* [DATASET SECTION]:
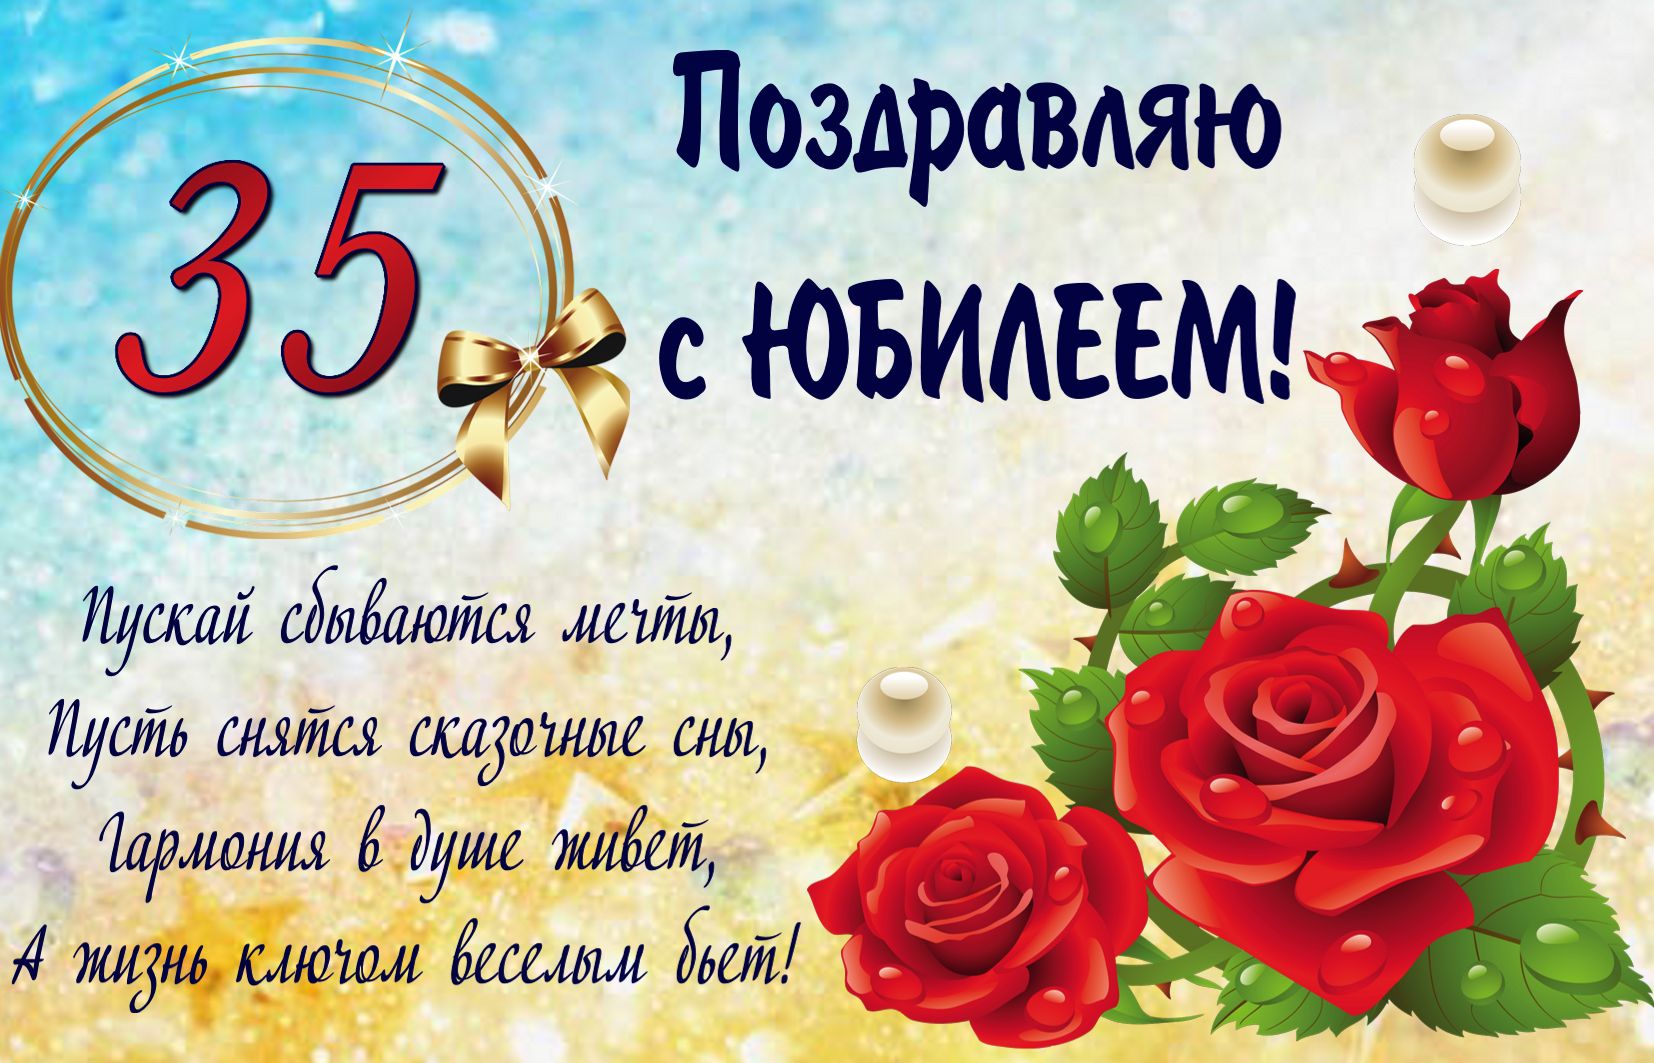 Пожелание на 35 День рождения с красивой розой
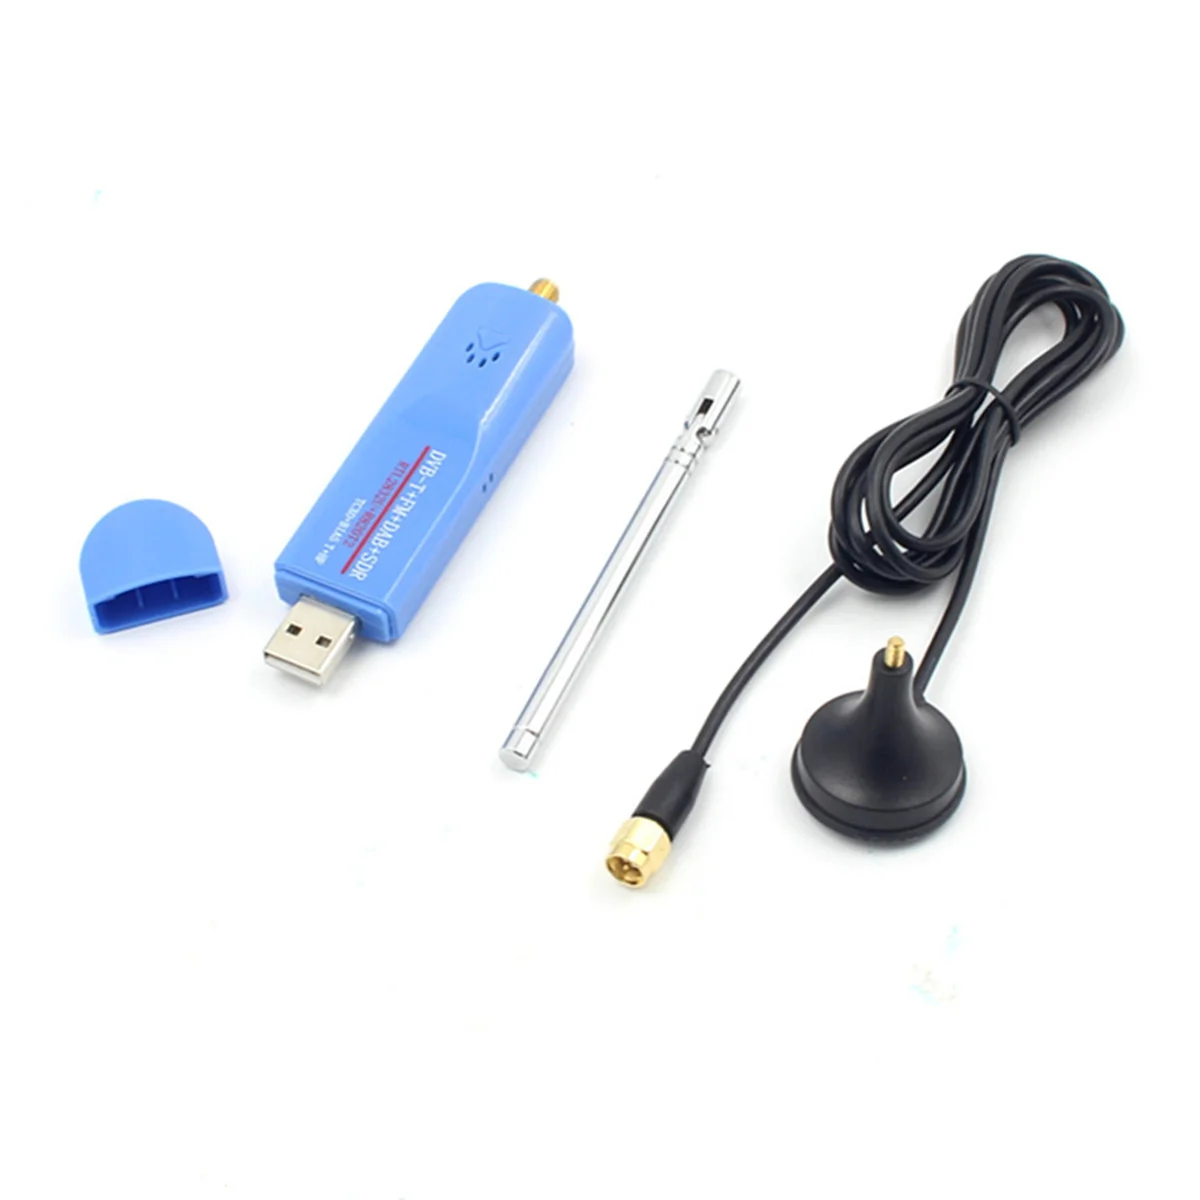 

USB-ключ с защитой от электростатического разряда-Φ 1PPM SMA F Цифровой Низкий тюнер, радиоприемник, комплект антенн для Windows
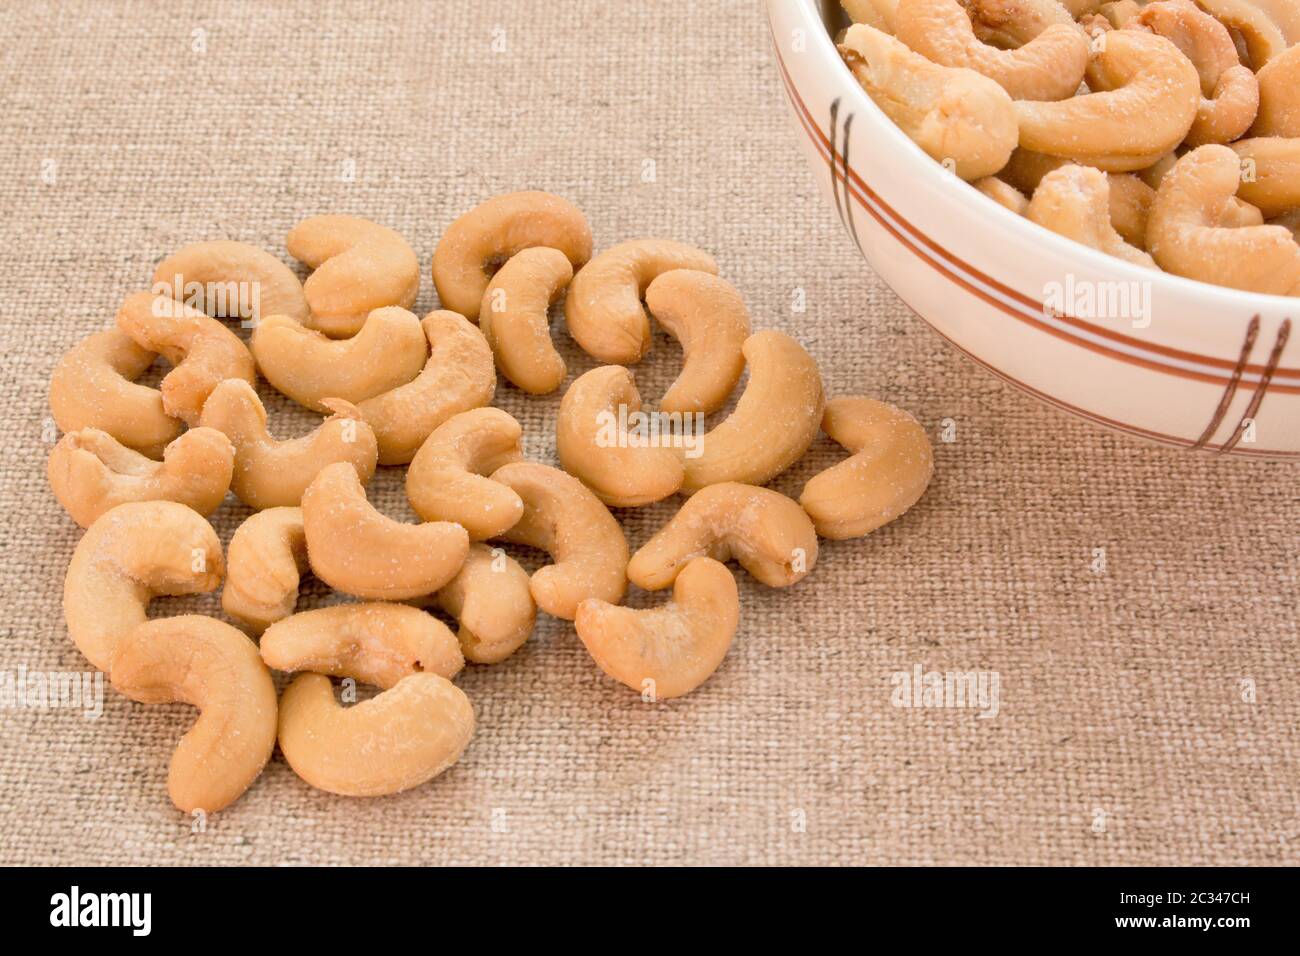 roasted cashews Stock Photo

* [TASK OBJECTIVE]:
Copy the lines exactly. Start at the line with "USB-ключ с защитой", end at the last line above, include both, and omit all pictures.

* [OUTPUT OF THE EXERCISE]:
USB-ключ с защитой от электростатического разряда-Φ 1PPM SMA F Цифровой Низкий тюнер, радиоприемник, комплект антенн для Windows
 roasted cashews Stock Photo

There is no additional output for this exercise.